• Task objective:
A copy of the listing below is needed, exact in every line and without images.

• Given information:
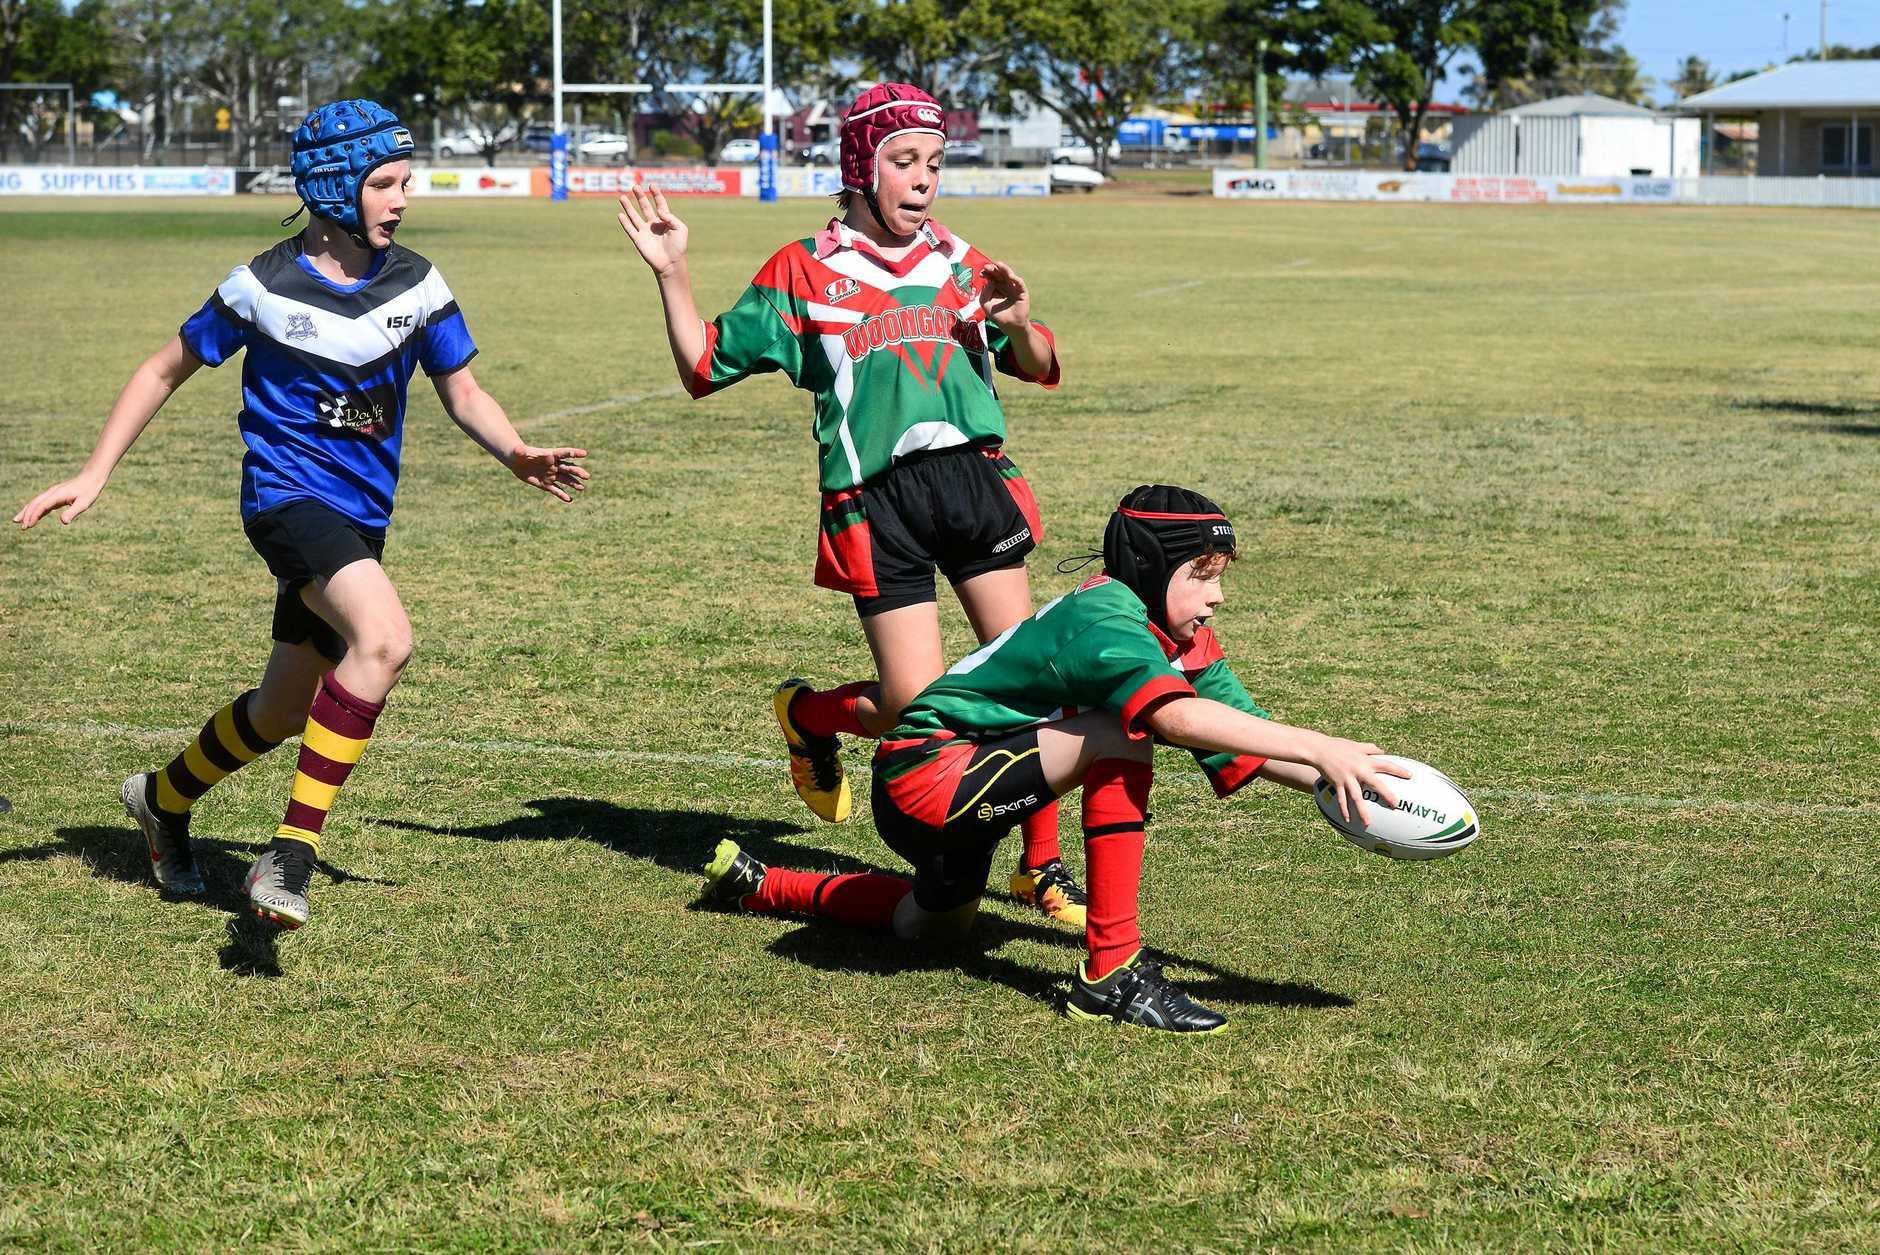 MATCH WINNER: Woongarra State School's Hudson Strickfuss scores the try that won the match.
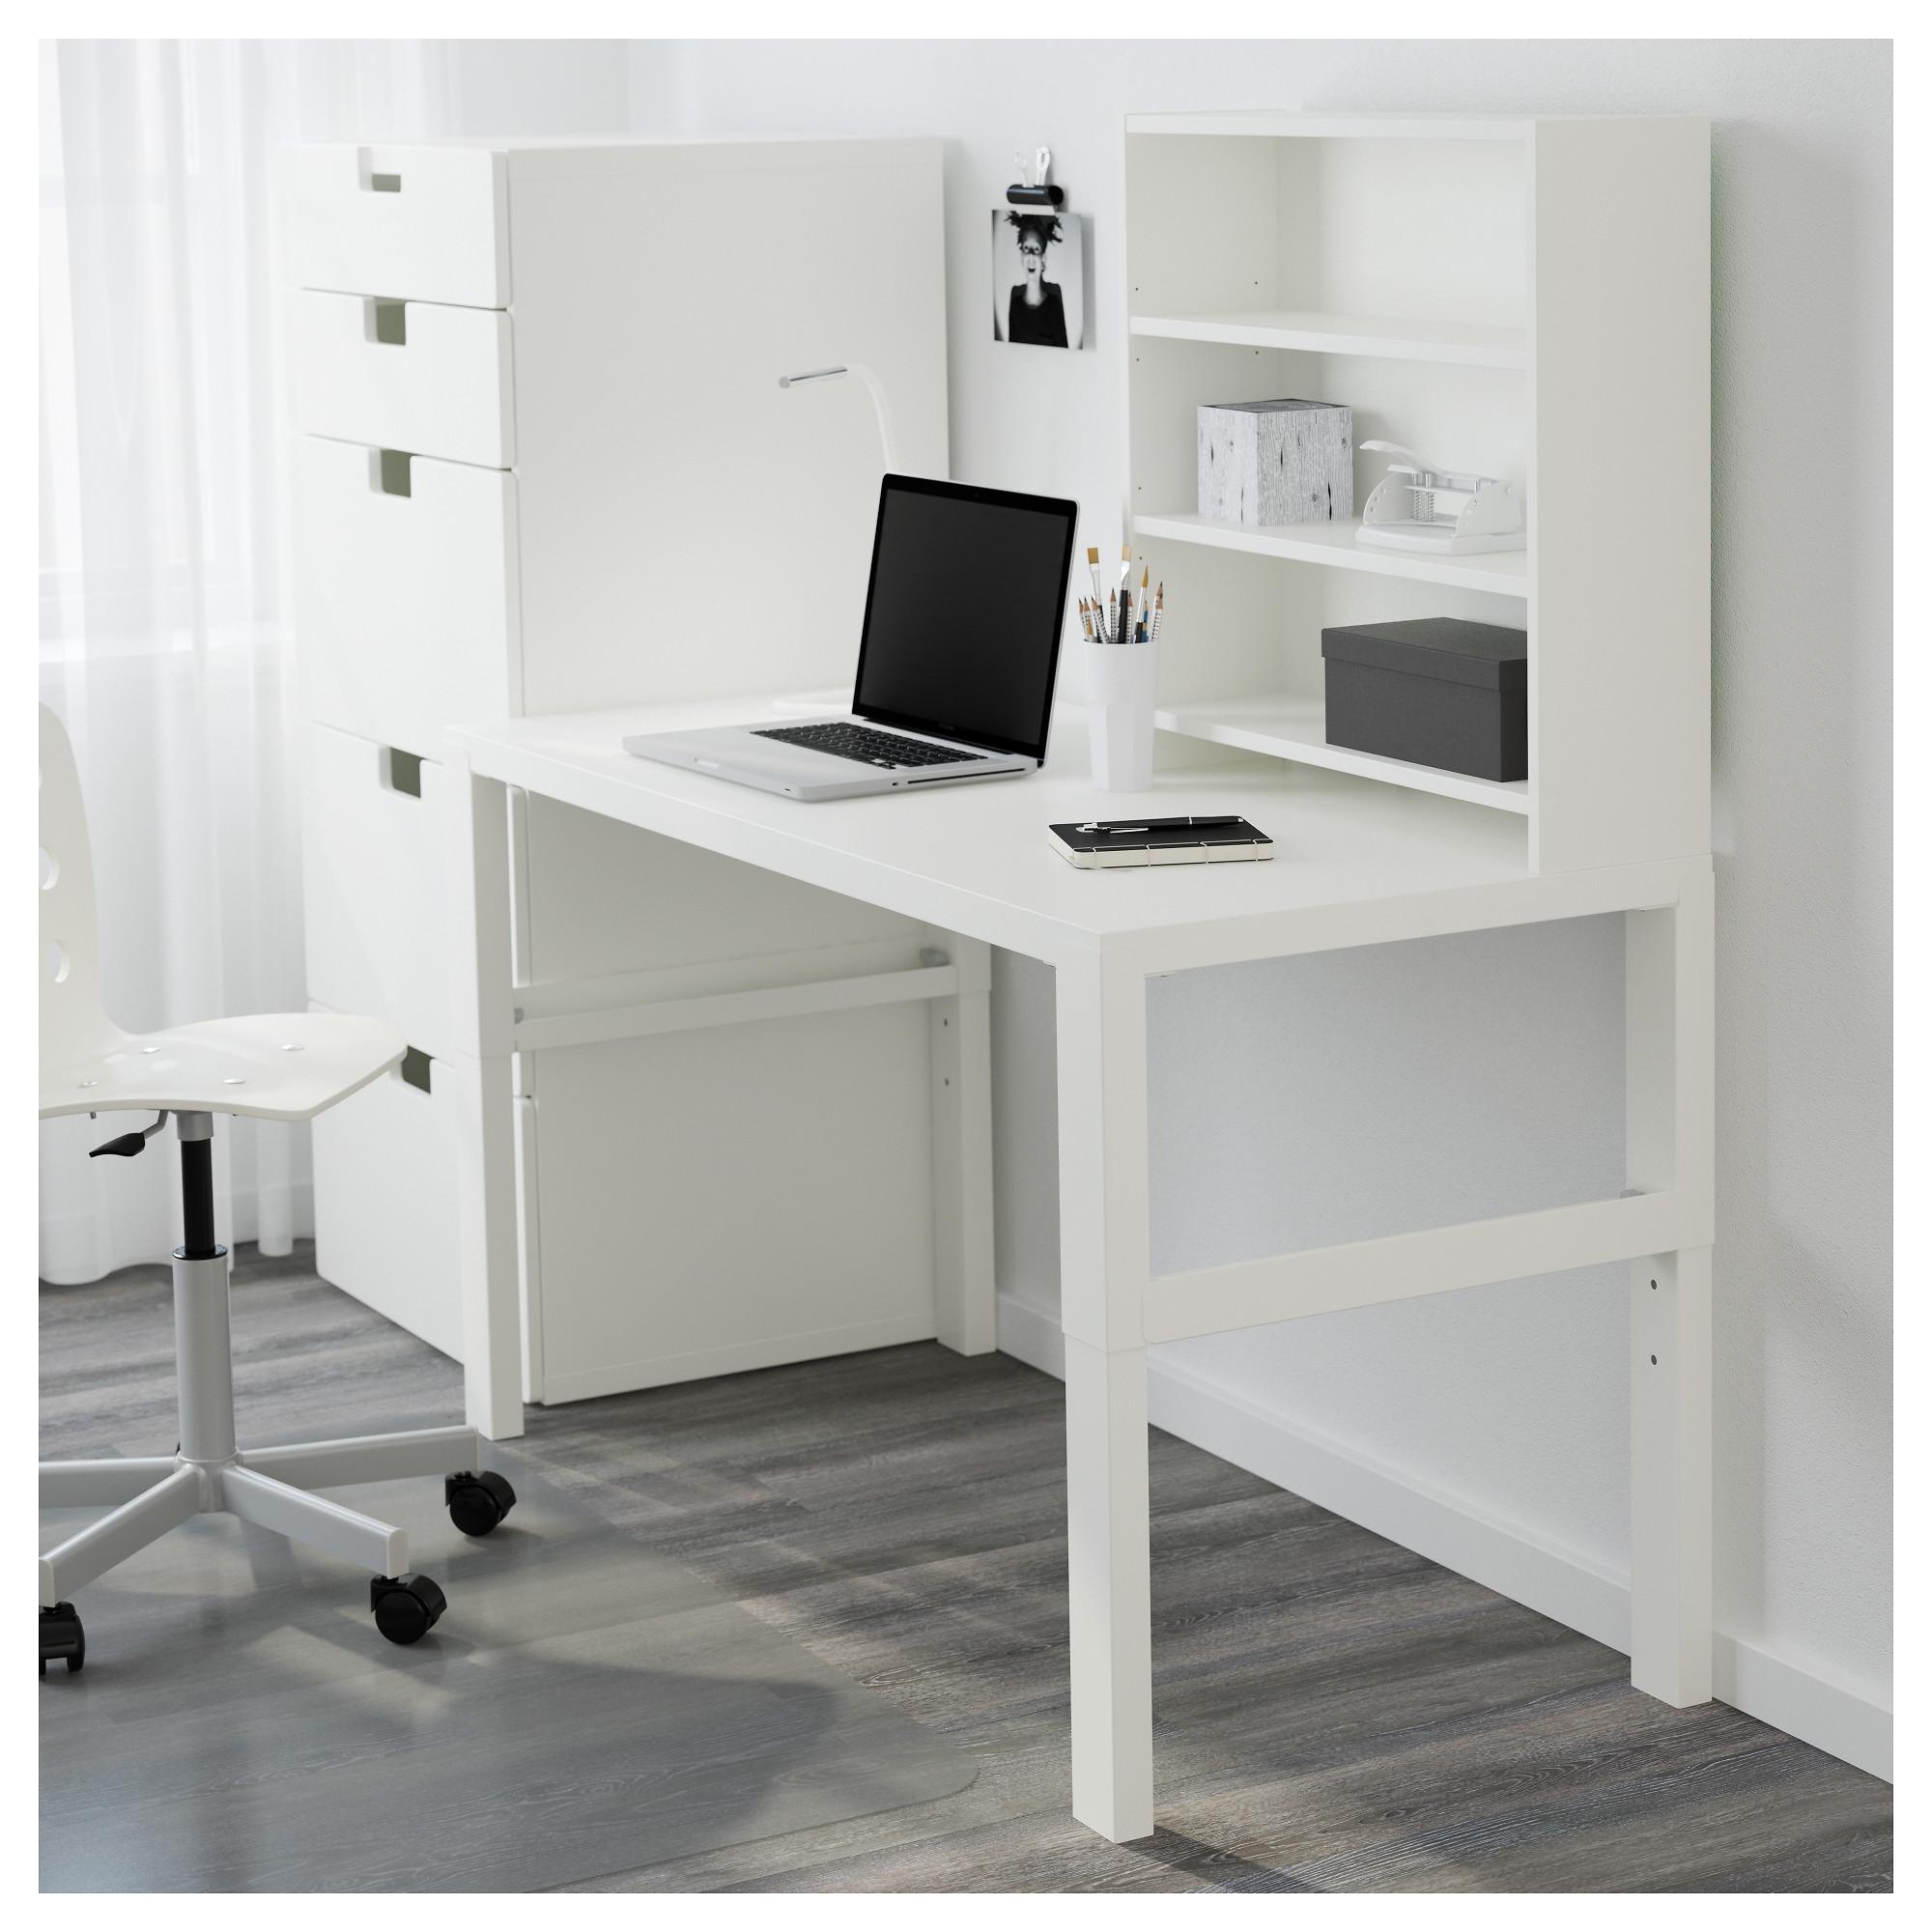 Ikea - Bureau peu encombrant ...
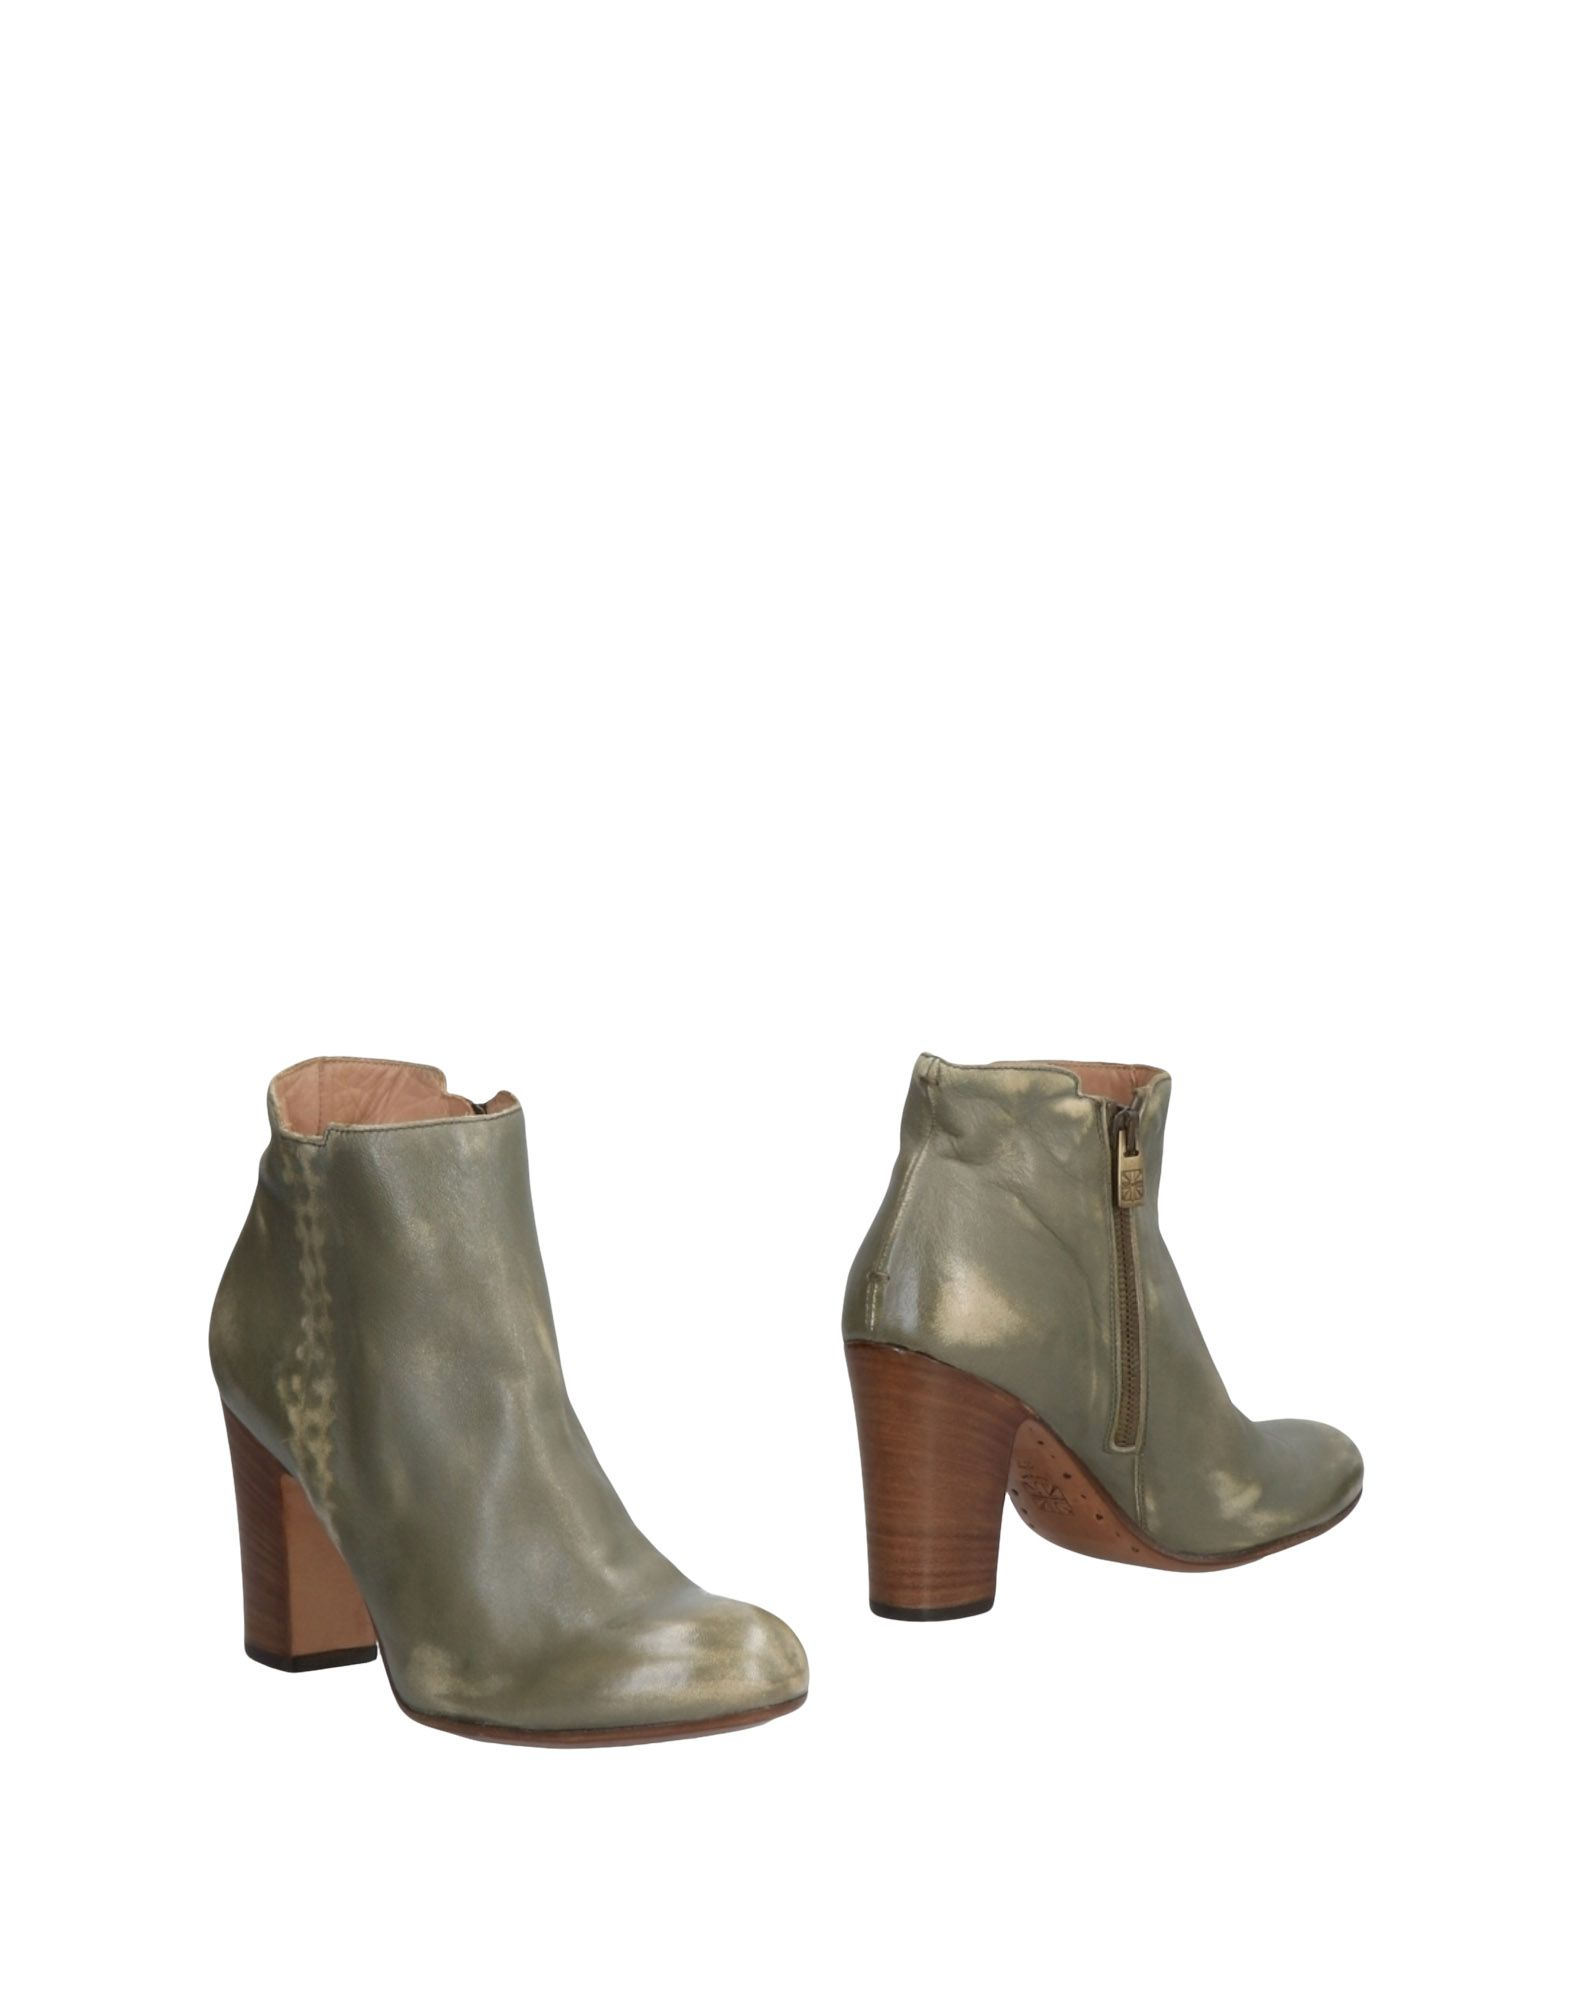 Pantanetti Ankle Boot - Women Women Women Pantanetti Ankle Boots online on  United Kingdom - 11468085GK 2dfaca

• Response:
 MATCH WINNER: Woongarra State School's Hudson Strickfuss scores the try that won the match.
 Ikea - Bureau peu encombrant ...
 Pantanetti Ankle Boot - Women Women Women Pantanetti Ankle Boots online on  United Kingdom - 11468085GK 2dfaca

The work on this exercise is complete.